━━━ The data
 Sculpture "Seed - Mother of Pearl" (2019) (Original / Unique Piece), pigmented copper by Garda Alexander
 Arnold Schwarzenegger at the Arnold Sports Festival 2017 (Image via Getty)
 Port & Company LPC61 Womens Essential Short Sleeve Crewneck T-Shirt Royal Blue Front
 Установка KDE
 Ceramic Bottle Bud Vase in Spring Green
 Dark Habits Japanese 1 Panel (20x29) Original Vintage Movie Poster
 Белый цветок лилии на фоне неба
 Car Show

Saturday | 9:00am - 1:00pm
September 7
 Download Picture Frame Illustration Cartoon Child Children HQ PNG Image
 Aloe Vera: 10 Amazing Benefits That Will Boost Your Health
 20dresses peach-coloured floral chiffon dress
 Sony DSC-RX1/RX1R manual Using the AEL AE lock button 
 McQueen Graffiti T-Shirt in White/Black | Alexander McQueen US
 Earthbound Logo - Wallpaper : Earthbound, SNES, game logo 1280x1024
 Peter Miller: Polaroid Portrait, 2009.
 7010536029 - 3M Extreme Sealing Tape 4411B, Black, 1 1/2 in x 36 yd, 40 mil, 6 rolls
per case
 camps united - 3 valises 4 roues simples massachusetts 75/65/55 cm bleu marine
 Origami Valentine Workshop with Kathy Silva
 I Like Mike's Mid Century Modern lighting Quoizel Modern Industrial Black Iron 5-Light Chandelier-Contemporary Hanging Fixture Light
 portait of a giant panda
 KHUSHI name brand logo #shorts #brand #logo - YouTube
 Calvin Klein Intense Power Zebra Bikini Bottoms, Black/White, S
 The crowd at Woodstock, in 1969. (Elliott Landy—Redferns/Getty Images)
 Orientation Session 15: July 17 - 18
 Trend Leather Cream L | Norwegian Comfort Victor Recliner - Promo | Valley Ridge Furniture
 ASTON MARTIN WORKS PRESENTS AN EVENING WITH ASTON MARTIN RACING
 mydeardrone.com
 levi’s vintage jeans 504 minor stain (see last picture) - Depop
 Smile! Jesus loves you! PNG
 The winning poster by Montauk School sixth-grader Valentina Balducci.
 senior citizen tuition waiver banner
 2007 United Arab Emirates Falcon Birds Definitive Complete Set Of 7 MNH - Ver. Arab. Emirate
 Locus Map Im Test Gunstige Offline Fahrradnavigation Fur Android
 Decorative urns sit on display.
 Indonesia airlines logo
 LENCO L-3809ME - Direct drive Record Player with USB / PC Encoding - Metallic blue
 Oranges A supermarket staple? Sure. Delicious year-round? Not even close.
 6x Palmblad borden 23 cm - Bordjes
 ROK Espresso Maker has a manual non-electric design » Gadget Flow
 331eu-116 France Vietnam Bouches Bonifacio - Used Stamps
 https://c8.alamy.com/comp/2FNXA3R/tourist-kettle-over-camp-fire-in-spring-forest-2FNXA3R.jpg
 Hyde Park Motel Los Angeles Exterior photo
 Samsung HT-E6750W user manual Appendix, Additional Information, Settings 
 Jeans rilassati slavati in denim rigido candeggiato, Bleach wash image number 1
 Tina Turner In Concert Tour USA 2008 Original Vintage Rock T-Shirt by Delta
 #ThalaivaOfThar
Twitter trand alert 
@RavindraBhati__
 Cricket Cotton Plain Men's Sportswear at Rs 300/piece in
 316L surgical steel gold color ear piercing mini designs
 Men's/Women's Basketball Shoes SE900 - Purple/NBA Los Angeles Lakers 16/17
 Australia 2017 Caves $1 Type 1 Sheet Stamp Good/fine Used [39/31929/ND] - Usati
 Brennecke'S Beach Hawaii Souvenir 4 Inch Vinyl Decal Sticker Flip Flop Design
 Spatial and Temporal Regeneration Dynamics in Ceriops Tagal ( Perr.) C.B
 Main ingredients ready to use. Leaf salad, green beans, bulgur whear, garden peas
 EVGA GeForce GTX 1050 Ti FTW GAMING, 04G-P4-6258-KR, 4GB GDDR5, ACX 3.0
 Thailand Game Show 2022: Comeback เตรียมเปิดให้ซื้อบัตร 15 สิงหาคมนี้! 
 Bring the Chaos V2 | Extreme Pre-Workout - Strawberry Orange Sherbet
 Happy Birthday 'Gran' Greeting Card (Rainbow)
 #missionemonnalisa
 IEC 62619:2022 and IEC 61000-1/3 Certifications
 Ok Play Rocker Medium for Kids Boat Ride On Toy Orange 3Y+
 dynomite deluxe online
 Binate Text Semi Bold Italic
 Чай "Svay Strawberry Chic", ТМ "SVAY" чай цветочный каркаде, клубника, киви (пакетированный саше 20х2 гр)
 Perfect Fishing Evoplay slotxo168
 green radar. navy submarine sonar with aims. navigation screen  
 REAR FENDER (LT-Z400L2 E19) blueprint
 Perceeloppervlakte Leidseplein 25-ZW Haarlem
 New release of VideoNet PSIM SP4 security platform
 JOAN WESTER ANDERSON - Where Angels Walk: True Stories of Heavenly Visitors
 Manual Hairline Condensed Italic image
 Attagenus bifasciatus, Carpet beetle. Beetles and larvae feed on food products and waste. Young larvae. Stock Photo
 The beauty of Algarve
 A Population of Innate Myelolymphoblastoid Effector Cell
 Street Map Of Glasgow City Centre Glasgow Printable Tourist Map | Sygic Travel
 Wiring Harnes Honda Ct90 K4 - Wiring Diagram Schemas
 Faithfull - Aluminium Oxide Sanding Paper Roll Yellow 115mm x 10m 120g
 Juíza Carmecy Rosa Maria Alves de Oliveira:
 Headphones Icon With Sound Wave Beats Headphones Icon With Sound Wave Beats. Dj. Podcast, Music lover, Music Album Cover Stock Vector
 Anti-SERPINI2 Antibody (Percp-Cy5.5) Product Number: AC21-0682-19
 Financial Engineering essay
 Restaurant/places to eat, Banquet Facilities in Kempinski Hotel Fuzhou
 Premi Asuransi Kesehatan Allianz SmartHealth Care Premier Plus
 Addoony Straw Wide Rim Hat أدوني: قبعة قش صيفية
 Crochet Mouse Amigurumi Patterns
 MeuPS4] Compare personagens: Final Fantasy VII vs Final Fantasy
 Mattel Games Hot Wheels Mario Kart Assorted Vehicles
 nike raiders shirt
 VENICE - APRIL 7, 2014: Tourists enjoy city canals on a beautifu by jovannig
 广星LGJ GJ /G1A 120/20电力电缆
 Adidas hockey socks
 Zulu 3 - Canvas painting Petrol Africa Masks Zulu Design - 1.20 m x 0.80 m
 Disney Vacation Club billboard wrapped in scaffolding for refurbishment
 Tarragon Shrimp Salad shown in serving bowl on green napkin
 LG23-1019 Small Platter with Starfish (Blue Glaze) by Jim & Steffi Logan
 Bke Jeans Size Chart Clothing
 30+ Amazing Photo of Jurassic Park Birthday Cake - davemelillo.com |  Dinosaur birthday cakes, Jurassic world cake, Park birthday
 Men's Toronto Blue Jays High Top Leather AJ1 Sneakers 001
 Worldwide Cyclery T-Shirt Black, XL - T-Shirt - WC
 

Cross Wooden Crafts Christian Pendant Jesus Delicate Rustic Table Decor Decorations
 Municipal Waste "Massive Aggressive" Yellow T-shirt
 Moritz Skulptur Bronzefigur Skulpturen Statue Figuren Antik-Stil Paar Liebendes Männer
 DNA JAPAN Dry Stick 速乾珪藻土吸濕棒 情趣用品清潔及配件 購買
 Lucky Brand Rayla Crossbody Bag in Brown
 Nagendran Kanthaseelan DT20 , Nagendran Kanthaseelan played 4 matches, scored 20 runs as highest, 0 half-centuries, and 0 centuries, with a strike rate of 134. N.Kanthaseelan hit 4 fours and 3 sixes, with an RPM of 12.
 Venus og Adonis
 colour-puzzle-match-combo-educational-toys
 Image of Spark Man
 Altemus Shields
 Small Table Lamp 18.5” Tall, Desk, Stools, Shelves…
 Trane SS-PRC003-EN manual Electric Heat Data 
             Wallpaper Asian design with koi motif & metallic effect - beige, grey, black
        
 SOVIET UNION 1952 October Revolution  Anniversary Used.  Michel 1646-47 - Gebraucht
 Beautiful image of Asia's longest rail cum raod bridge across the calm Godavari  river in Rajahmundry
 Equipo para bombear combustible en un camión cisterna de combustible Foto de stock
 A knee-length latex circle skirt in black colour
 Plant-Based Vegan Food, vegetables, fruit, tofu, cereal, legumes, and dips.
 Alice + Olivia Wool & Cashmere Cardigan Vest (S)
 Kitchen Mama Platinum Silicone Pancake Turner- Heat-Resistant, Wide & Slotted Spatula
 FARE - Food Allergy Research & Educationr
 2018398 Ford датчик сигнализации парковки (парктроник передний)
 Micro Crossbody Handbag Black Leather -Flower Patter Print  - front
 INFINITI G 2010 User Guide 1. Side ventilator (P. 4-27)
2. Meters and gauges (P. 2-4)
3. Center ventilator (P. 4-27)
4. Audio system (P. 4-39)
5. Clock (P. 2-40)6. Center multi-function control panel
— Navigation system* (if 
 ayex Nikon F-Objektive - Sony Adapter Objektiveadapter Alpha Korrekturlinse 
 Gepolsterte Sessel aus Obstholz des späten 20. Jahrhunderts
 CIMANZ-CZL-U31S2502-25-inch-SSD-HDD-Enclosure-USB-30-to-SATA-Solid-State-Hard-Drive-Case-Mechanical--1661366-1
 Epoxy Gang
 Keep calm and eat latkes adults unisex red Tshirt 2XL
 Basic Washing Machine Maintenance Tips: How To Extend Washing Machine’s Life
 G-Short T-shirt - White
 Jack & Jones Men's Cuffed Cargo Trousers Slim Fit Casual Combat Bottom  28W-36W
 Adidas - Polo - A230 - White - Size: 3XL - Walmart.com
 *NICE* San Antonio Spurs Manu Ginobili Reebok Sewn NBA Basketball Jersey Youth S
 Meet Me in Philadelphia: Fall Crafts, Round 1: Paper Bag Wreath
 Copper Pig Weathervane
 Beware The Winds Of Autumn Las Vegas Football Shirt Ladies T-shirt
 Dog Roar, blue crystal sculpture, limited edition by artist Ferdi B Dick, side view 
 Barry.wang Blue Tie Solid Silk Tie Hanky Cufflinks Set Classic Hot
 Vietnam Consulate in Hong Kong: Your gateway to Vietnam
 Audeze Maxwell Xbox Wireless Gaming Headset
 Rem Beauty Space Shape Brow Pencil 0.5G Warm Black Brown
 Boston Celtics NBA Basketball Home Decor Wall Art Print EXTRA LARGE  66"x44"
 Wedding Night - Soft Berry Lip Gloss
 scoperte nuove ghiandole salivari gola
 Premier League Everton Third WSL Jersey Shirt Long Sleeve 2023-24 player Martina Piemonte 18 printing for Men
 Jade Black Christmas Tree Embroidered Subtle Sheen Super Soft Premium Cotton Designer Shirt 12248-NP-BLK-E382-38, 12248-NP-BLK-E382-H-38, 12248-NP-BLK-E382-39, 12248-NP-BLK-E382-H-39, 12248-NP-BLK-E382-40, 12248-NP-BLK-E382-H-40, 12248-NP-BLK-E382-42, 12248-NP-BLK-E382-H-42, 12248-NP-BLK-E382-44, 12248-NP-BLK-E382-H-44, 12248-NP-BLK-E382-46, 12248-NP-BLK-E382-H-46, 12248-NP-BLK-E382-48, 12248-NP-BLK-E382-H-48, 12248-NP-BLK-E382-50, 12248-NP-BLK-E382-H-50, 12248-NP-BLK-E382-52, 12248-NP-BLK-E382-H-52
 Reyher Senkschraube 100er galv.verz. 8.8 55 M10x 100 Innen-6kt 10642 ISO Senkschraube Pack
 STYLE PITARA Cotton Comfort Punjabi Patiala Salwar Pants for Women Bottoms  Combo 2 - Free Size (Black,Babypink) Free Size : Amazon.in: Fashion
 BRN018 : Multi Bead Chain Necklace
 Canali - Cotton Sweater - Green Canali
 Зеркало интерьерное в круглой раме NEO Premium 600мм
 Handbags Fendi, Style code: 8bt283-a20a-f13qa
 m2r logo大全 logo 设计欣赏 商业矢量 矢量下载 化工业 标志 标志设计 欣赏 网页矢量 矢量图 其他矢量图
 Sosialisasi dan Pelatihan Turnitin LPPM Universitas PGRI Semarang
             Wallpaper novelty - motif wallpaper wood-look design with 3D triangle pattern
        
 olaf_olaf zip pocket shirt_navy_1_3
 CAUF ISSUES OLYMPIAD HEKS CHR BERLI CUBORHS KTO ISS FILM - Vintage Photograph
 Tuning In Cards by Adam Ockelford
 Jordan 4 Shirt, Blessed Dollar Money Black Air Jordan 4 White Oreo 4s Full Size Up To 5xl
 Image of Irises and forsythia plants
━━━━━━
• _What is needed_: Scan the lines above for "Origami Valentine Workshop with Kathy Silva" and for "Oranges A supermarket". Repeat exactly the line holding each of them and every line in between.

• _Expected answer_:
 Origami Valentine Workshop with Kathy Silva
 I Like Mike's Mid Century Modern lighting Quoizel Modern Industrial Black Iron 5-Light Chandelier-Contemporary Hanging Fixture Light
 portait of a giant panda
 KHUSHI name brand logo #shorts #brand #logo - YouTube
 Calvin Klein Intense Power Zebra Bikini Bottoms, Black/White, S
 The crowd at Woodstock, in 1969. (Elliott Landy—Redferns/Getty Images)
 Orientation Session 15: July 17 - 18
 Trend Leather Cream L | Norwegian Comfort Victor Recliner - Promo | Valley Ridge Furniture
 ASTON MARTIN WORKS PRESENTS AN EVENING WITH ASTON MARTIN RACING
 mydeardrone.com
 levi’s vintage jeans 504 minor stain (see last picture) - Depop
 Smile! Jesus loves you! PNG
 The winning poster by Montauk School sixth-grader Valentina Balducci.
 senior citizen tuition waiver banner
 2007 United Arab Emirates Falcon Birds Definitive Complete Set Of 7 MNH - Ver. Arab. Emirate
 Locus Map Im Test Gunstige Offline Fahrradnavigation Fur Android
 Decorative urns sit on display.
 Indonesia airlines logo
 LENCO L-3809ME - Direct drive Record Player with USB / PC Encoding - Metallic blue
 Oranges A supermarket staple? Sure. Delicious year-round? Not even close.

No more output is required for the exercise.